In a unanimous decision, the Court held that the airport’s ban on First Amendment activities was banned by the First Amendment itself. It observed that the resolution “reaches the universe of expressive activity, and, by prohibiting all protected expression, purports to create a virtual ‘First Amendment Free Zone’ at LAX.” Indeed, the far-reaching nature of the resolution not only prohibited Snyder’s religious activity, but also “talking and reading, or the wearing of campaign buttons or symbolic clothing.”

In holding that the resolution was unconstitutionally overbroad, the Court said it was “obvious” that the ban on First Amendment activities “cannot be justified . . . because no conceivable governmental interest would justify such an absolute prohibition of speech.”

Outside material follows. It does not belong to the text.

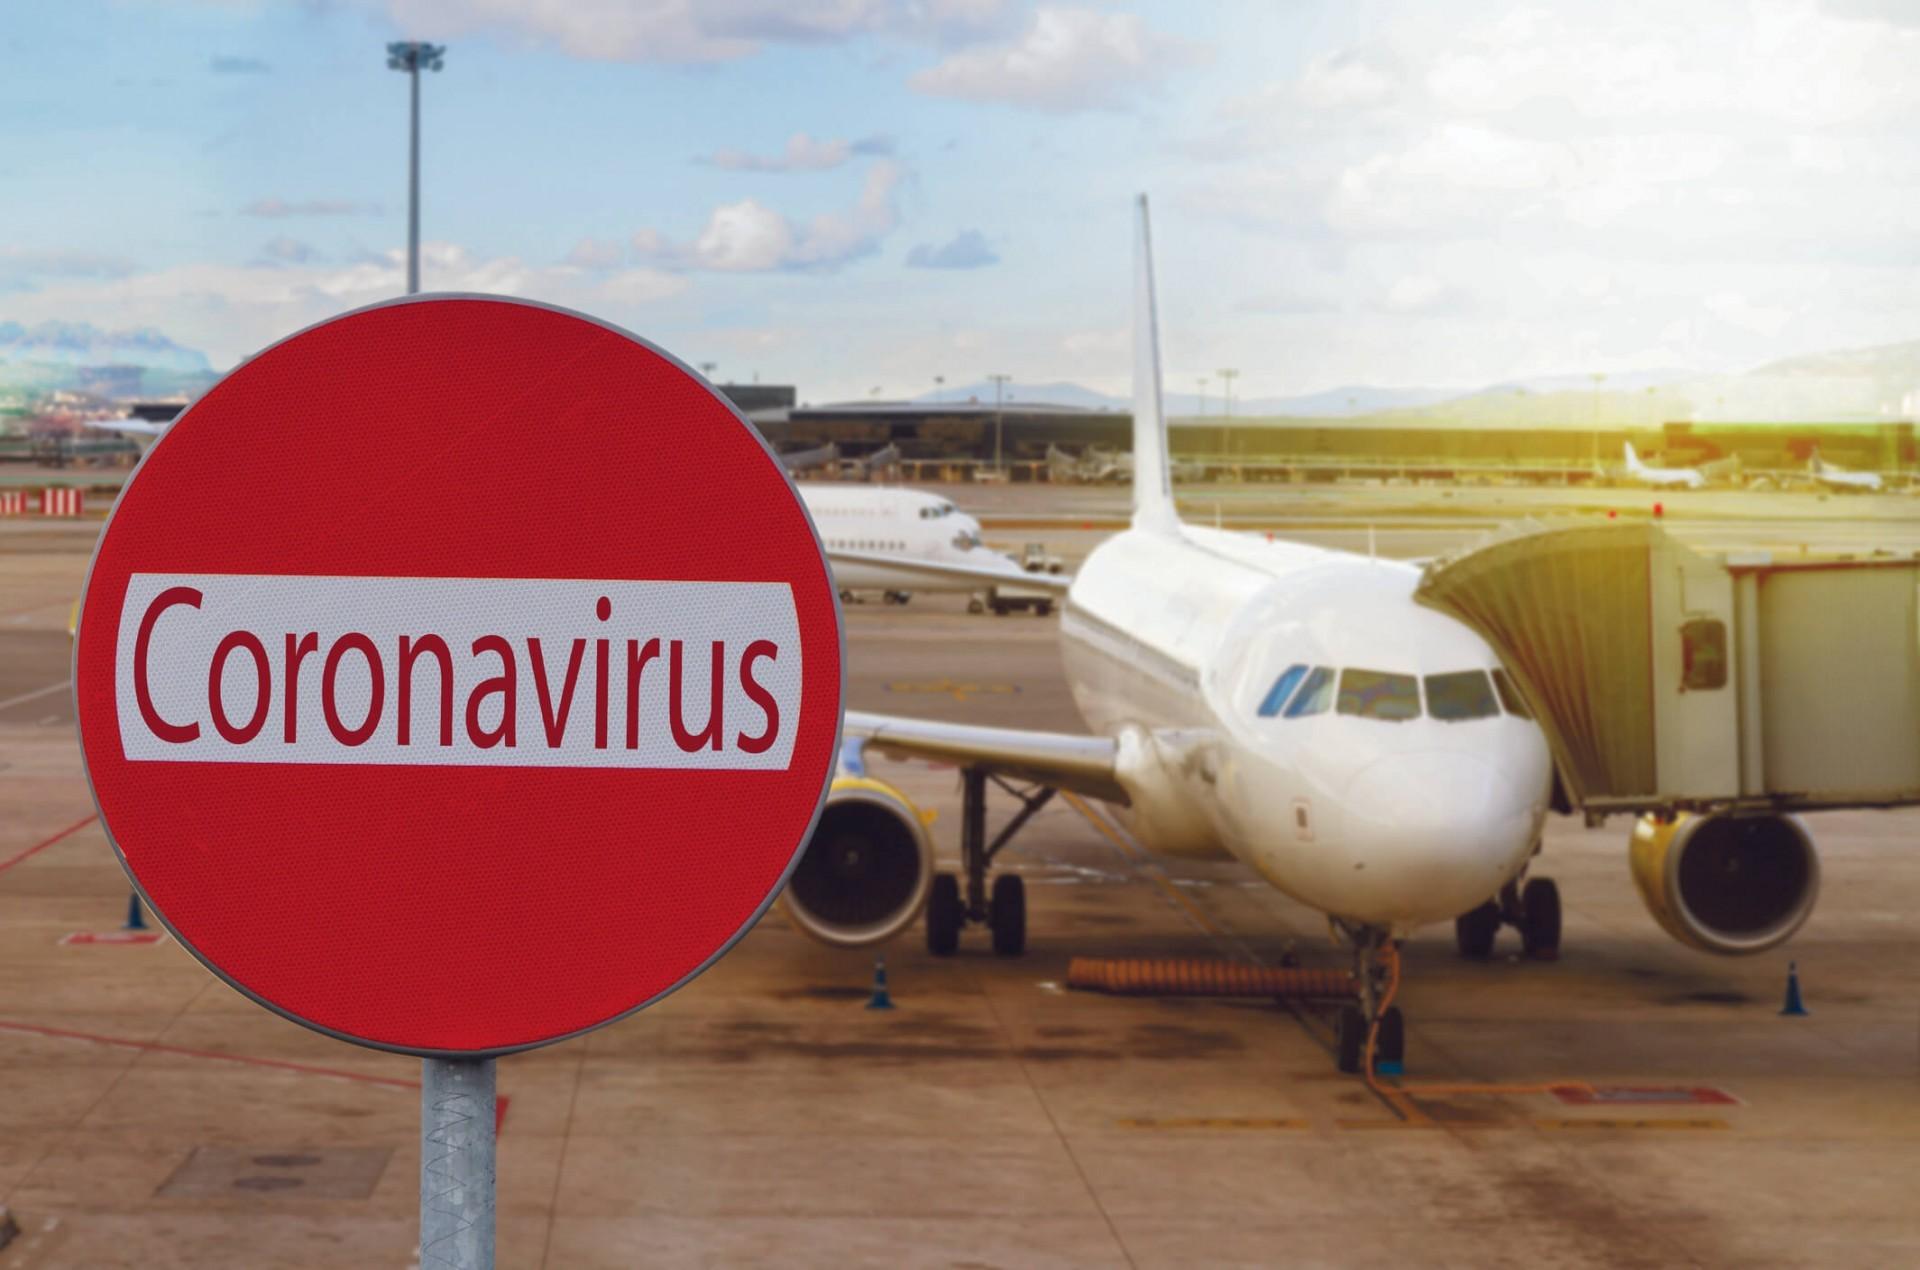 ביטוח ביטול טיסה והוצאות נלוות

Three decades later, the ACLJ continues the work of defending the rights of individuals to evangelize in the public square.

Last year, we were contacted by Ben, a part-time evangelist who shares the Gospel by publicly reading aloud from his Bible. He believes that the most effective way of proclaiming the Bible’s message is through a peaceful and respectful tone of voice. While some passersby stop and listen to Ben, and then move on, others listen and approach him, asking more about the message he’s sharing. Ben believes that shouting his religious speech, or haranguing or harassing others, would be counterproductive to the religious message he wishes to convey.

One day, Ben decided to read from his Bible at a farmer’s market in Missouri. The land where the farmer’s market operates is city-owned, but the market is managed by a private real estate management corporation.

While Ben was peacefully reading aloud from his Bible in the market, he was approached by a market employee who said that if he didn’t leave, she’d have to call the police.

Ben politely declined to do so and, sure enough, three police officers later arrived on the scene. One of those officers told Ben that whenever the market is open for business, the area becomes “private property.” He could therefore either continue reading from his Bible outside the market or return to the market when the market was closed. Not wanting to be cited or arrested, Ben left.

Ben reached out to the ACLJ and we wrote a letter to the farmer’s market on his behalf. We explained in the letter that, contrary to what the police officers said to him, the First Amendment allows Ben to read from his Bible in the market while it’s open for business. We pointed out what the Supreme Court has held, and numerous other federal courts have repeated: the government “may not by its own ipse dixit destroy the ‘public forum’ status of streets and parks which have historically been public forums . . . .”

We did not receive a letter from the farmer’s market, but from an attorney for the city itself. The attorney informed us that though the city didn’t think the market was a public forum for speech, Ben was welcome to return to the farmer’s market to engage in the same activity for which he was originally ejected. Ben has every intention of doing just that, and who knows how many lives will be changed as a result of him doing so.

While the internet and social media are an ever growing and important means to share the Gospel, nothing will ever replace the dynamic of a personal interaction that Ben’s method of evangelization provides. And so long as government officials try to close down that manner of religious activity, a fundamental liberty under the First Amendment, the ACLJ will be there to help—just as we did with Ben, and just as Jay and the ACLJ have been doing for decades.